▶ _Data extracts_
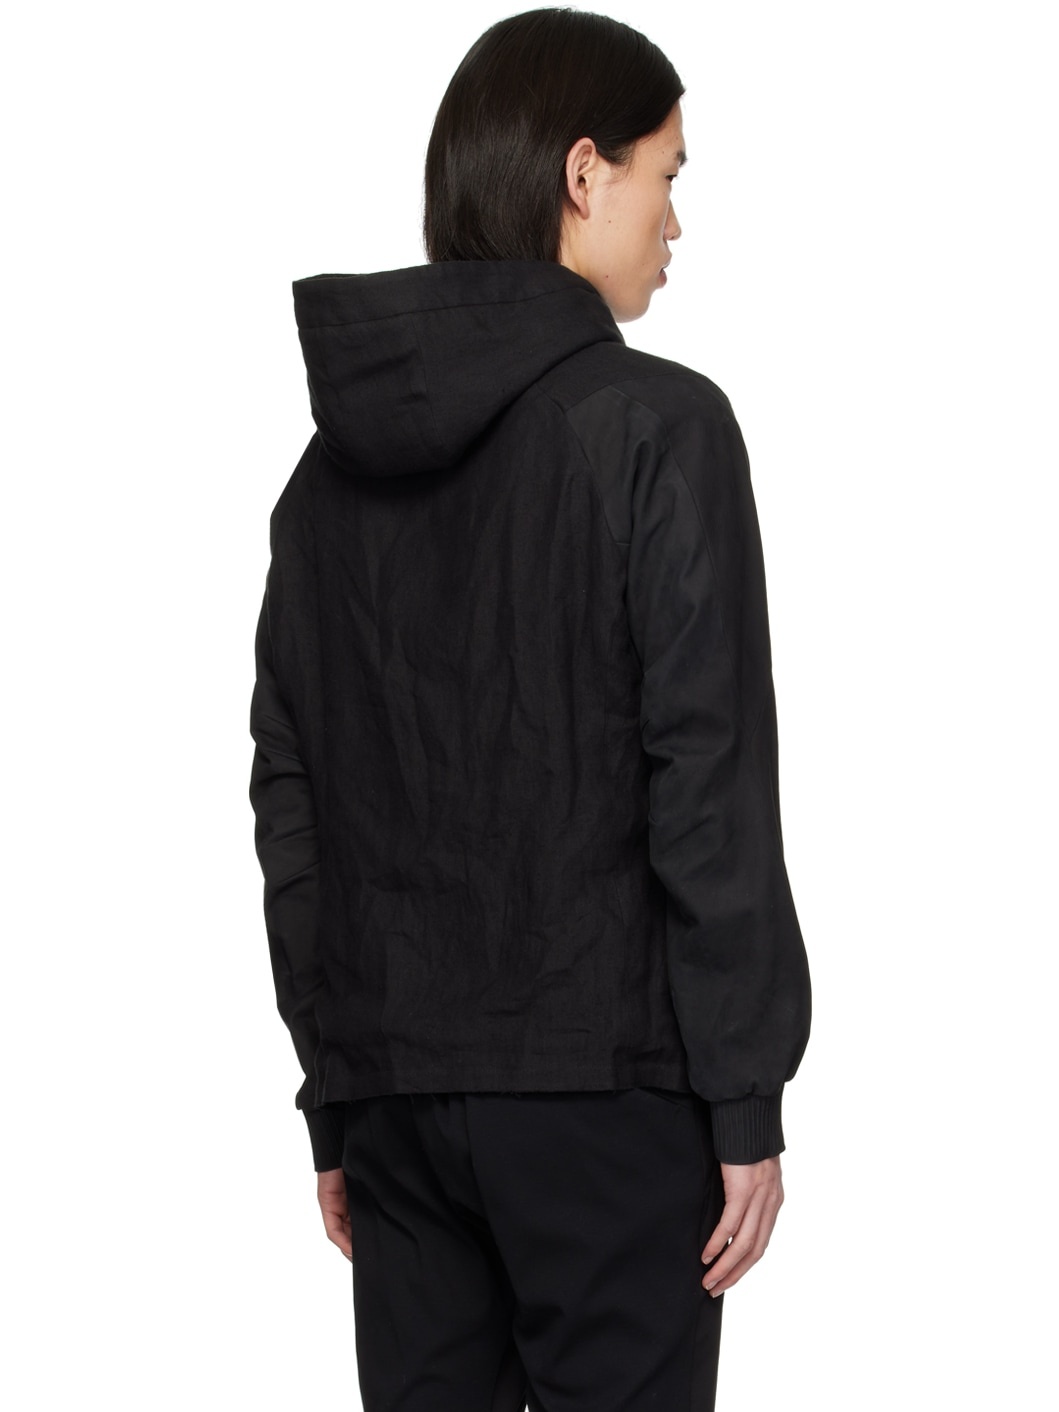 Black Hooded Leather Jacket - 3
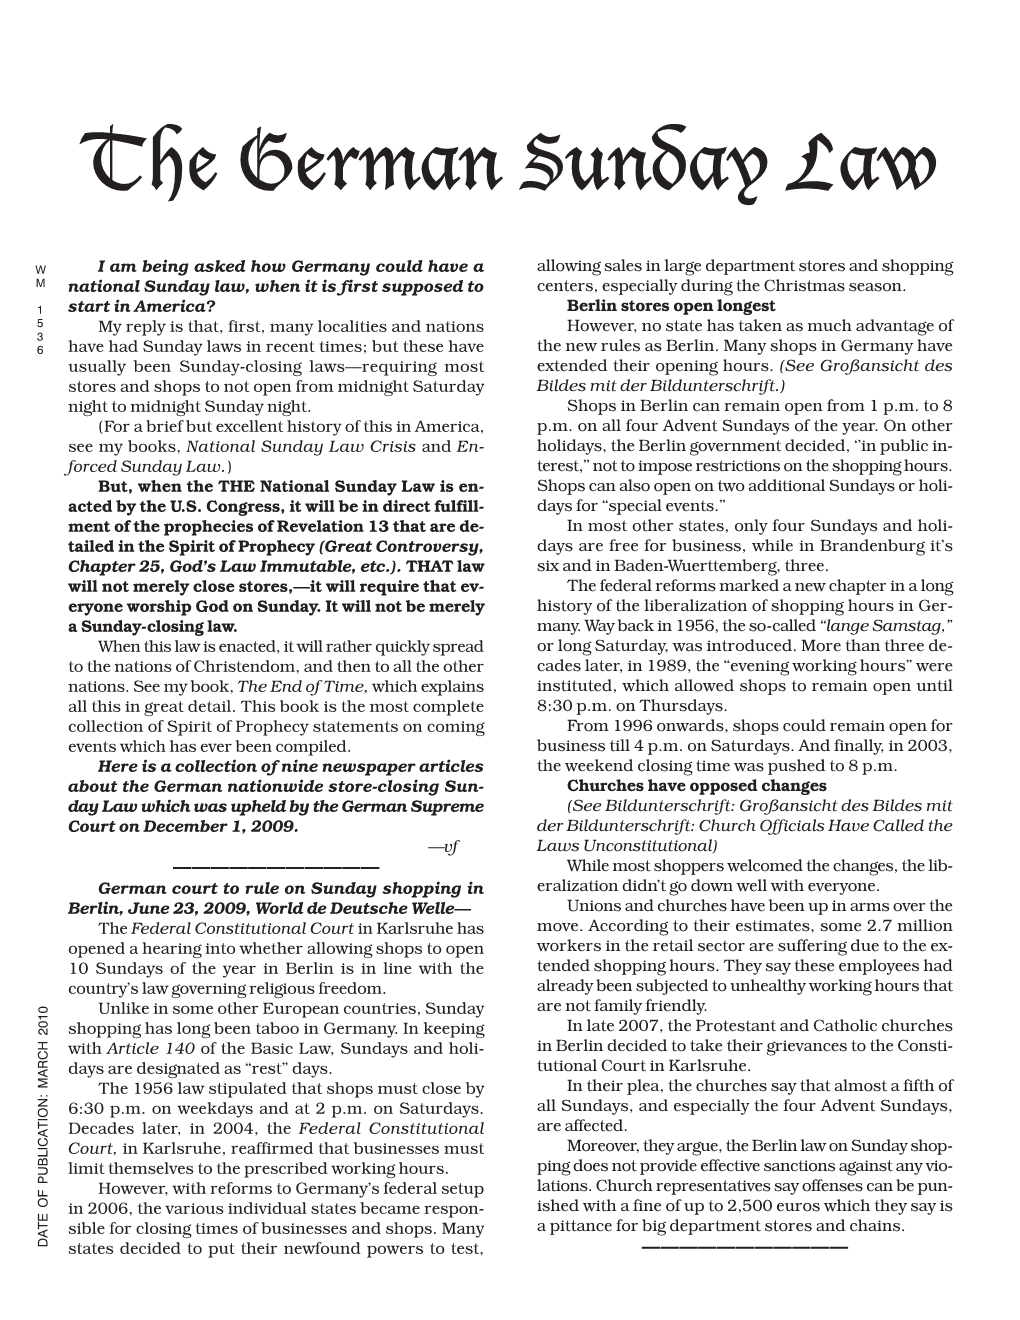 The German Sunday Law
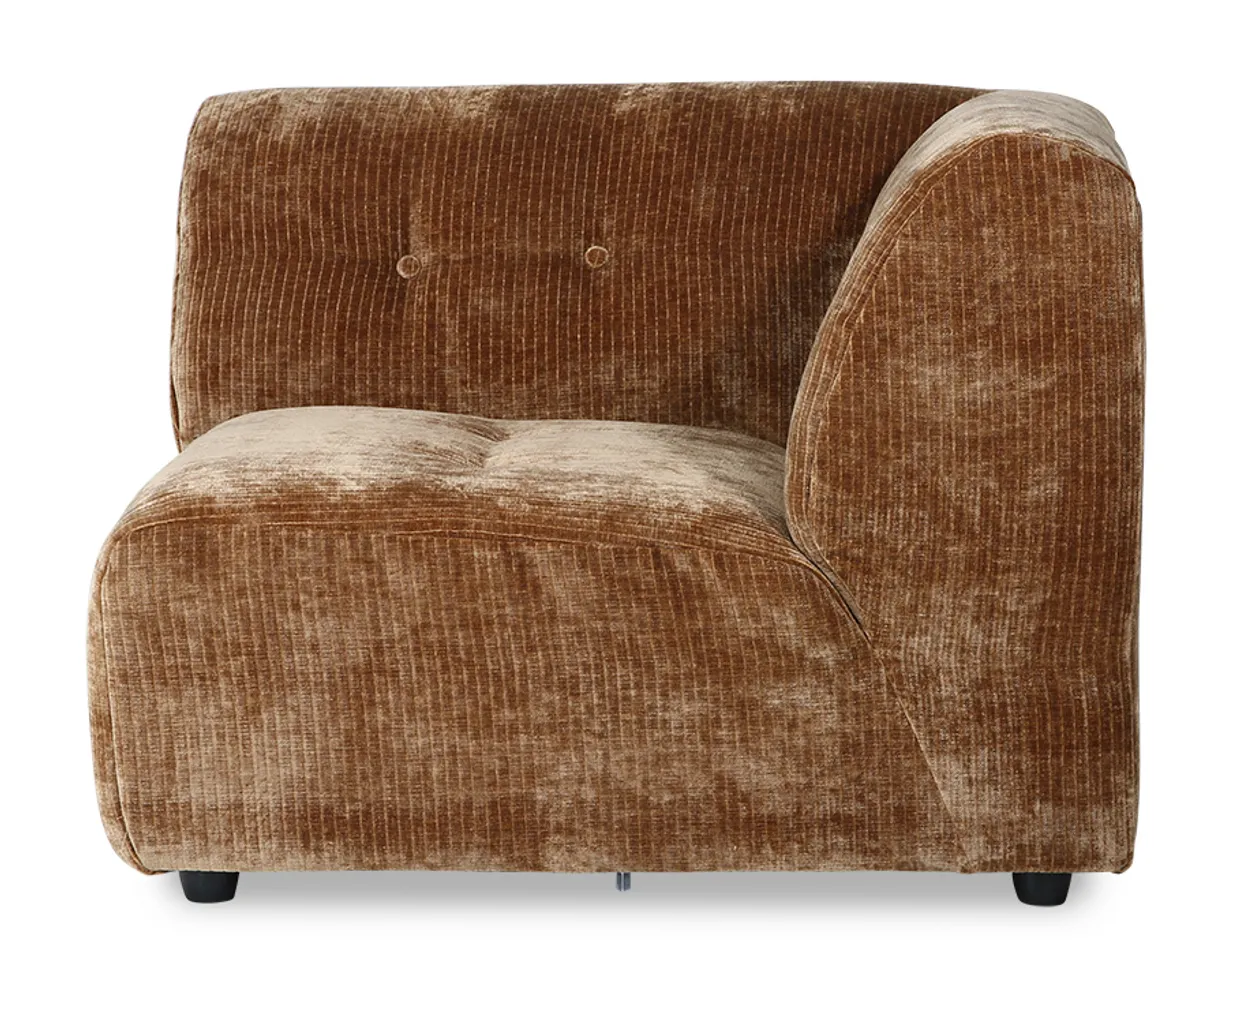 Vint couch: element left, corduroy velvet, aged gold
* * *
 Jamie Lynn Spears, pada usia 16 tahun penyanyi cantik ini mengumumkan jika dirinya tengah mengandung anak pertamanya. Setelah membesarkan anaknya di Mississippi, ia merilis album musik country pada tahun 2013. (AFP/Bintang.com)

▶ _Task details_
Go back to the lines above and output, exactly as they stand, the ones from the line containing "The German Sunday Law" to the line containing "Vint couch: element". Leave all pictures behind.

▶ _Solution for this problem_
 The German Sunday Law
 Vint couch: element left, corduroy velvet, aged gold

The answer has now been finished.